▸ **What you should do**:
In the records that follow, the lines from the one containing "Dixon AC300 Aluminum" to the one containing "LINK FOREST ツインルーム(広さ31㎡/10室)洗面台とバスルーム", inclusive, are to be given again exactly.

▸ **Provided records**:
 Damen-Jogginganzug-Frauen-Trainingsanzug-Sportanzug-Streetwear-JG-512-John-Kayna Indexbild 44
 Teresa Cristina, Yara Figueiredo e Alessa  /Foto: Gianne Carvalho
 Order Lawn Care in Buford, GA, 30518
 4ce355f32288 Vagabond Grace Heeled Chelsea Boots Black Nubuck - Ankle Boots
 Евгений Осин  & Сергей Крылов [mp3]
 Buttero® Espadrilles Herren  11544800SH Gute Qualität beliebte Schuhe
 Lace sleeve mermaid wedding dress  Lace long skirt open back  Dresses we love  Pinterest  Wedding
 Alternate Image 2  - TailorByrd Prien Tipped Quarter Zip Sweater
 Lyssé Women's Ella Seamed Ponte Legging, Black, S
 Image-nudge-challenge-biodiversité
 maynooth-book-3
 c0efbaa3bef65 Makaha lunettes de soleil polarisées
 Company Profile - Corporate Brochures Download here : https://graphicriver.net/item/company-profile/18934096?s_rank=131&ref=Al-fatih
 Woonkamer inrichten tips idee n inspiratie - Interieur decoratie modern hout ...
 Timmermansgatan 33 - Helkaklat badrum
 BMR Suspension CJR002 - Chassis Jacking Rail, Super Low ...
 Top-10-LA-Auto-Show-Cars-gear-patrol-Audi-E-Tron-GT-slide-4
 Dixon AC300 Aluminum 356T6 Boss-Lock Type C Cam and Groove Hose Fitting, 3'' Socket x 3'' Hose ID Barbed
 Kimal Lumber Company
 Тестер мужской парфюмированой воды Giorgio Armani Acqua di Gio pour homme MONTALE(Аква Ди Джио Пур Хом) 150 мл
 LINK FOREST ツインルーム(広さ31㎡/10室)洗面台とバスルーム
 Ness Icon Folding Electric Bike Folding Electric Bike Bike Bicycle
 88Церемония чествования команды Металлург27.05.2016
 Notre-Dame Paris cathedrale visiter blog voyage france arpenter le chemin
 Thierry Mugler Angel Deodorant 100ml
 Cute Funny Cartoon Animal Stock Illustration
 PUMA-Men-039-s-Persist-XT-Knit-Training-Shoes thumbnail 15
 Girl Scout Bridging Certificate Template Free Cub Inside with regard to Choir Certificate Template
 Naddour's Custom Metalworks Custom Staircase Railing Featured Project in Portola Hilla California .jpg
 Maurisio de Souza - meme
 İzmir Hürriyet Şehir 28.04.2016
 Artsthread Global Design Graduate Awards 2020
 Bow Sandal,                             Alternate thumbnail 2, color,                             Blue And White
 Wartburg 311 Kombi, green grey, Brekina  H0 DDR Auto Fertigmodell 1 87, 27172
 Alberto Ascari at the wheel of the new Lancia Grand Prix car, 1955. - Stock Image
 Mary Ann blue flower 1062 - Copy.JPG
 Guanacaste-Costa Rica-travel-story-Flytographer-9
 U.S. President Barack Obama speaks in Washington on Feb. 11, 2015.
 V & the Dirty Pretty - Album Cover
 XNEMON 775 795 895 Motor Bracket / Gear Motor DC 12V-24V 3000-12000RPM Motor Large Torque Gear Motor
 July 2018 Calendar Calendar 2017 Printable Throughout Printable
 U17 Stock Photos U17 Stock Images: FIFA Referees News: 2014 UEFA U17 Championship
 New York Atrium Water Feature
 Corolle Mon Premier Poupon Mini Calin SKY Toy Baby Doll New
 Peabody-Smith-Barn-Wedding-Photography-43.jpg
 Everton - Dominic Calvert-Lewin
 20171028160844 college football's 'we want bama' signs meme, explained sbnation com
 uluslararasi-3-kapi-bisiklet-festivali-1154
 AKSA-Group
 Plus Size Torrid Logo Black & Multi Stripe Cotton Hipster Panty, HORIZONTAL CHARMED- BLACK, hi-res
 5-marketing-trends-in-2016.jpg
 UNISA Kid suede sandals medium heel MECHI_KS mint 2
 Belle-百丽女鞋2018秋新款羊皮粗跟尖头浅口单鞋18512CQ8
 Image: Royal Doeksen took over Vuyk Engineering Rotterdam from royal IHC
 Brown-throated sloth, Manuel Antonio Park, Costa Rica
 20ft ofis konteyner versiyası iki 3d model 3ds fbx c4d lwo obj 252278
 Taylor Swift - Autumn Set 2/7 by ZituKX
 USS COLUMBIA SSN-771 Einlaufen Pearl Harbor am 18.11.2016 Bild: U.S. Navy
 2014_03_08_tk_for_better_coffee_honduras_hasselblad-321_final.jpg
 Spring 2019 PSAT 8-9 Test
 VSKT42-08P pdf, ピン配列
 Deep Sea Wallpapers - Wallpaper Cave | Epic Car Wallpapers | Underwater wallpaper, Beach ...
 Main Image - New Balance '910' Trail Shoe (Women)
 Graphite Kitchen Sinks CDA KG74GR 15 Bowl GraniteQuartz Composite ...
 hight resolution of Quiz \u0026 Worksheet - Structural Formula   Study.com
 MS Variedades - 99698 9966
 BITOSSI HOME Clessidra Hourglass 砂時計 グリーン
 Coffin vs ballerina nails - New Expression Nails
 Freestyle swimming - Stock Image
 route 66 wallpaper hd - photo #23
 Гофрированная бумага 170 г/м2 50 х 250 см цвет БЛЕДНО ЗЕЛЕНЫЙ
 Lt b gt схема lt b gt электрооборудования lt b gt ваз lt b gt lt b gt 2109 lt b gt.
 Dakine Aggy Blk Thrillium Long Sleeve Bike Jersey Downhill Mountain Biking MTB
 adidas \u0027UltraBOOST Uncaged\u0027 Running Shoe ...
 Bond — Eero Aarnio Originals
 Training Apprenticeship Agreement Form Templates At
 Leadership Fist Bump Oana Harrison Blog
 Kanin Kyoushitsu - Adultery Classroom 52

▸ **Task answer**:
 Dixon AC300 Aluminum 356T6 Boss-Lock Type C Cam and Groove Hose Fitting, 3'' Socket x 3'' Hose ID Barbed
 Kimal Lumber Company
 Тестер мужской парфюмированой воды Giorgio Armani Acqua di Gio pour homme MONTALE(Аква Ди Джио Пур Хом) 150 мл
 LINK FOREST ツインルーム(広さ31㎡/10室)洗面台とバスルーム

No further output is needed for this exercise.